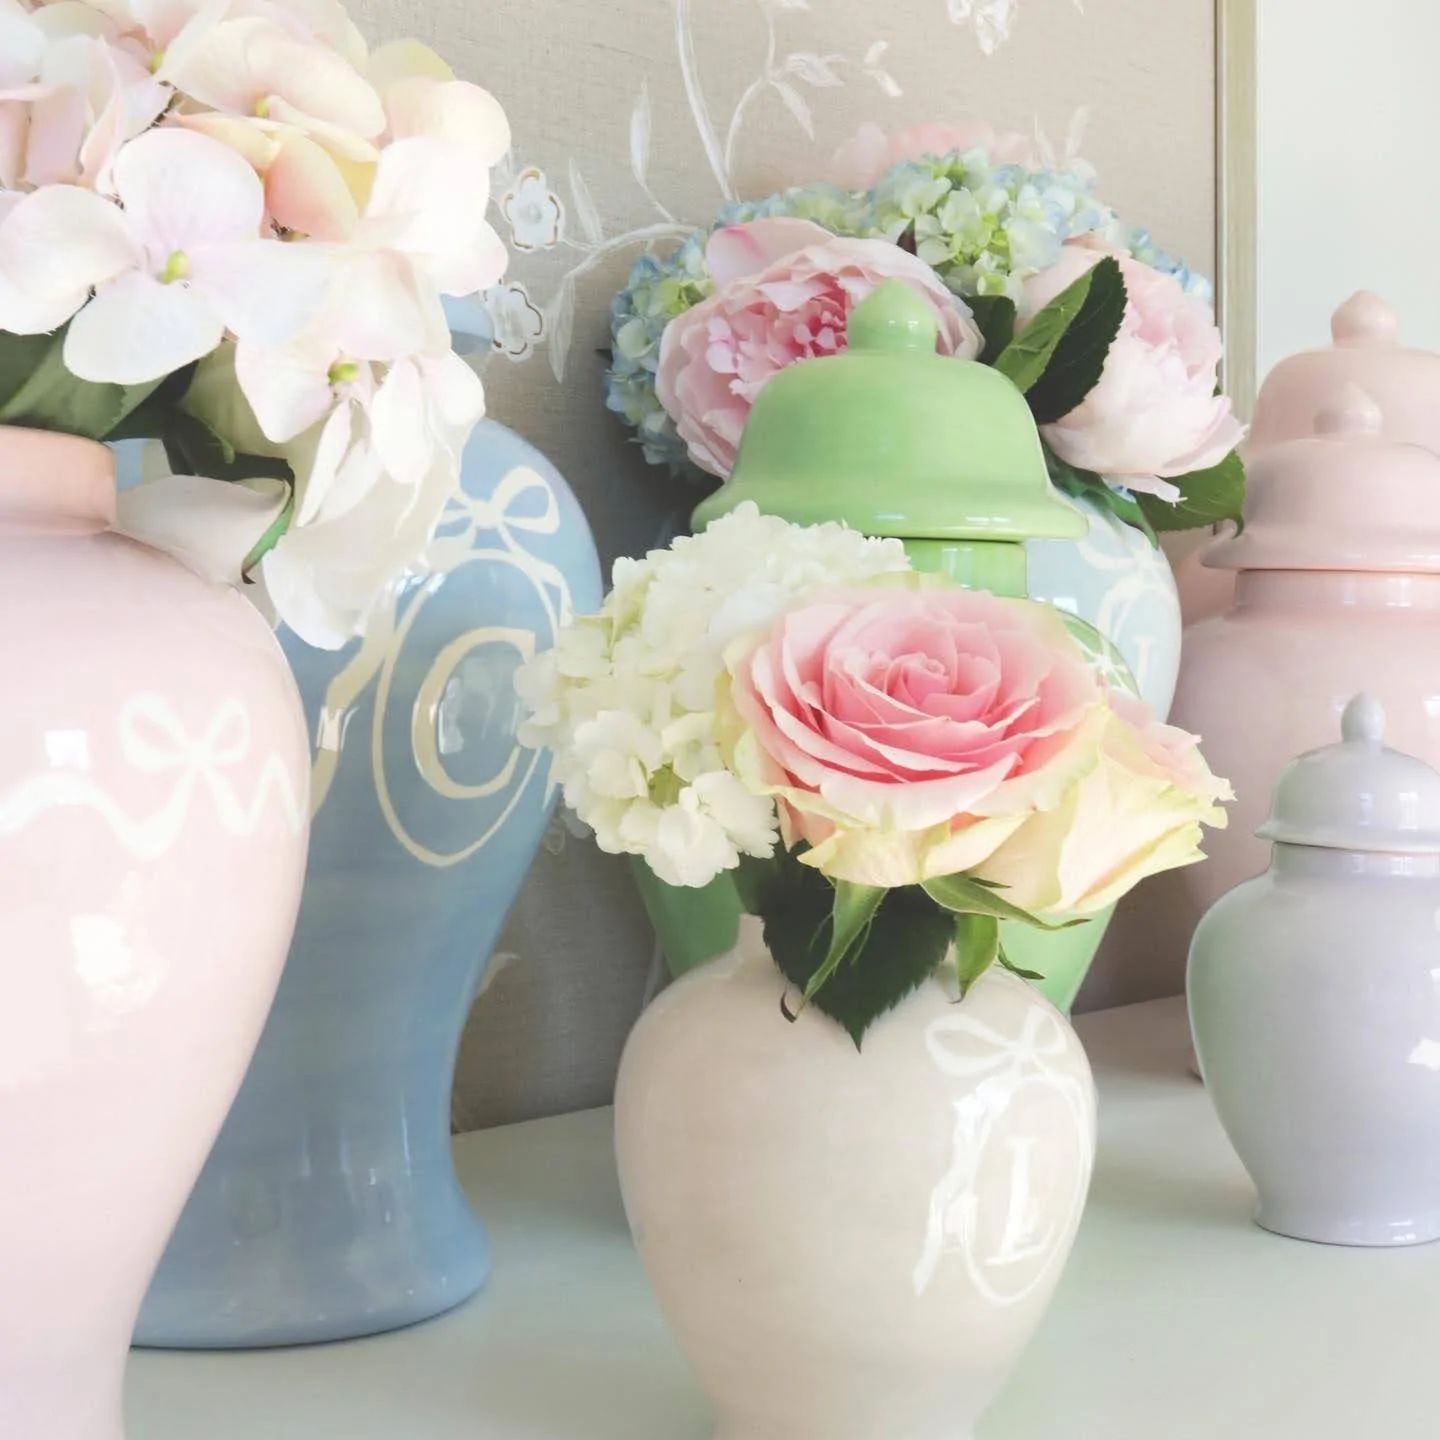 Lo Home x Veronika's Blushing | Lo Home by Lauren Haskell Designs
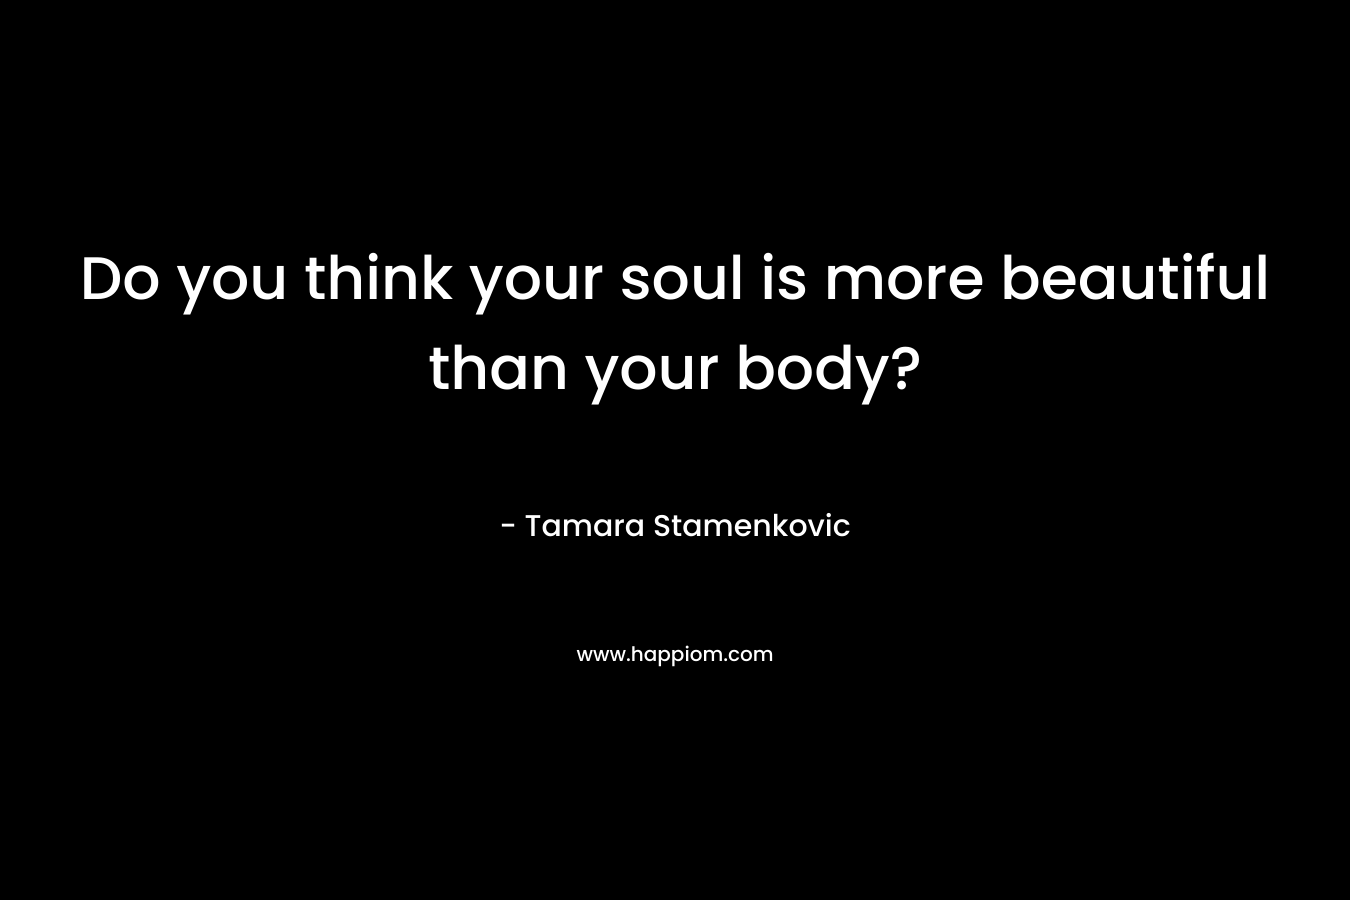 Do you think your soul is more beautiful than your body?
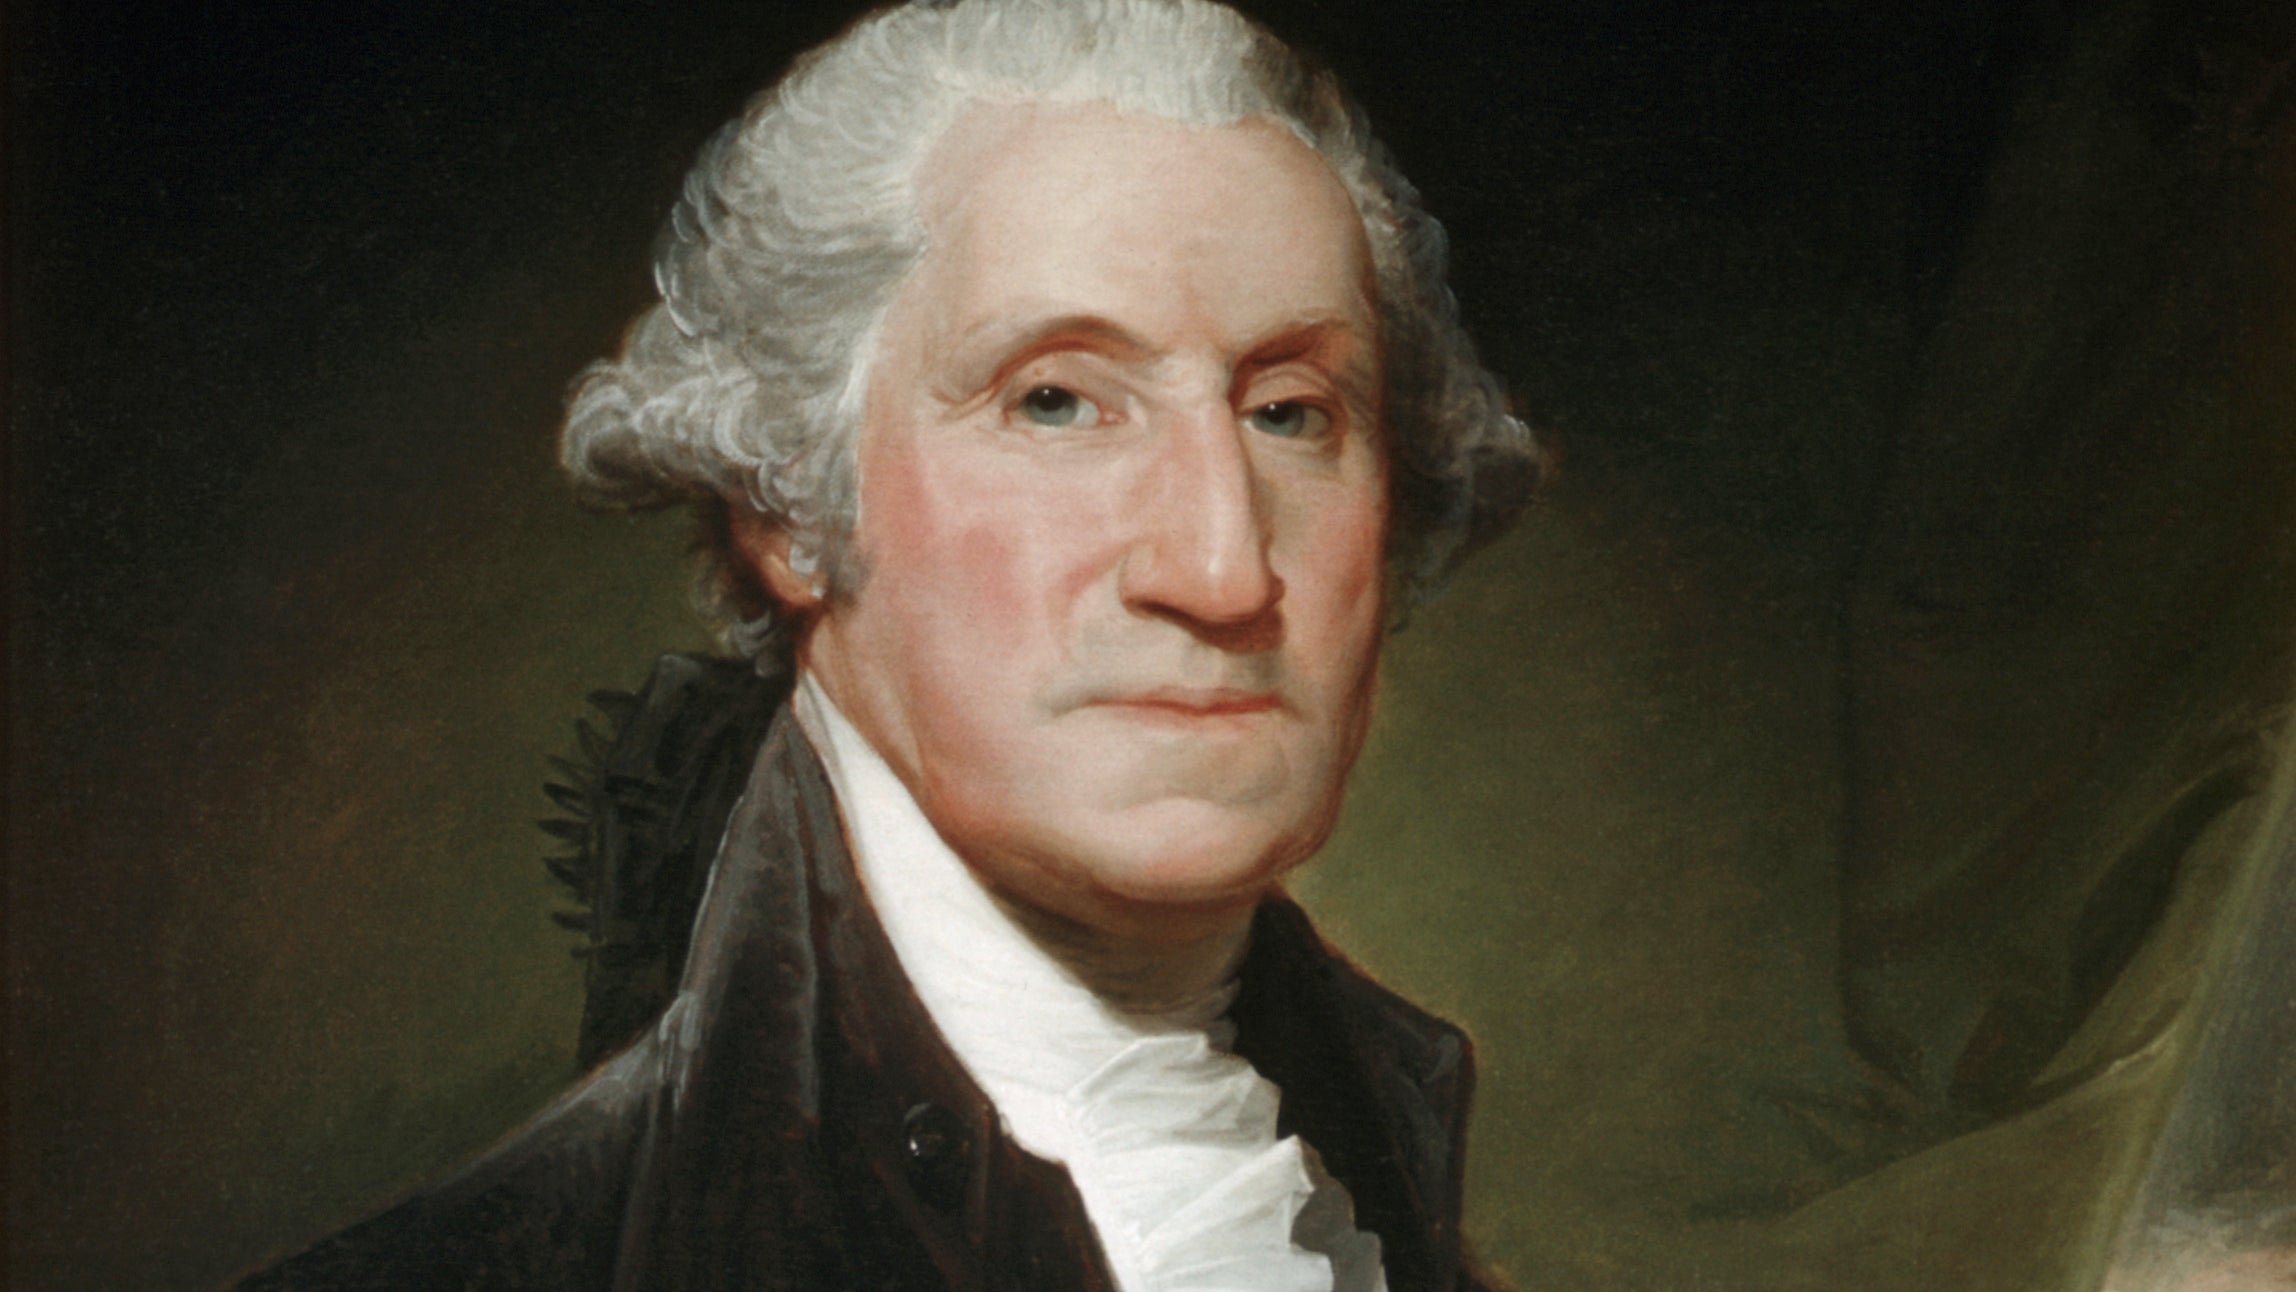 celebrating george washington's legacy across the US with free events and dual holidays

Your instructions: Your copy should hold only the lines from the line with "Do you think" through the end of the data above, both ends included, transcribed exactly and without pictures.

Answer for the task:
 Do you think your soul is more beautiful than your body?
 celebrating george washington's legacy across the US with free events and dual holidays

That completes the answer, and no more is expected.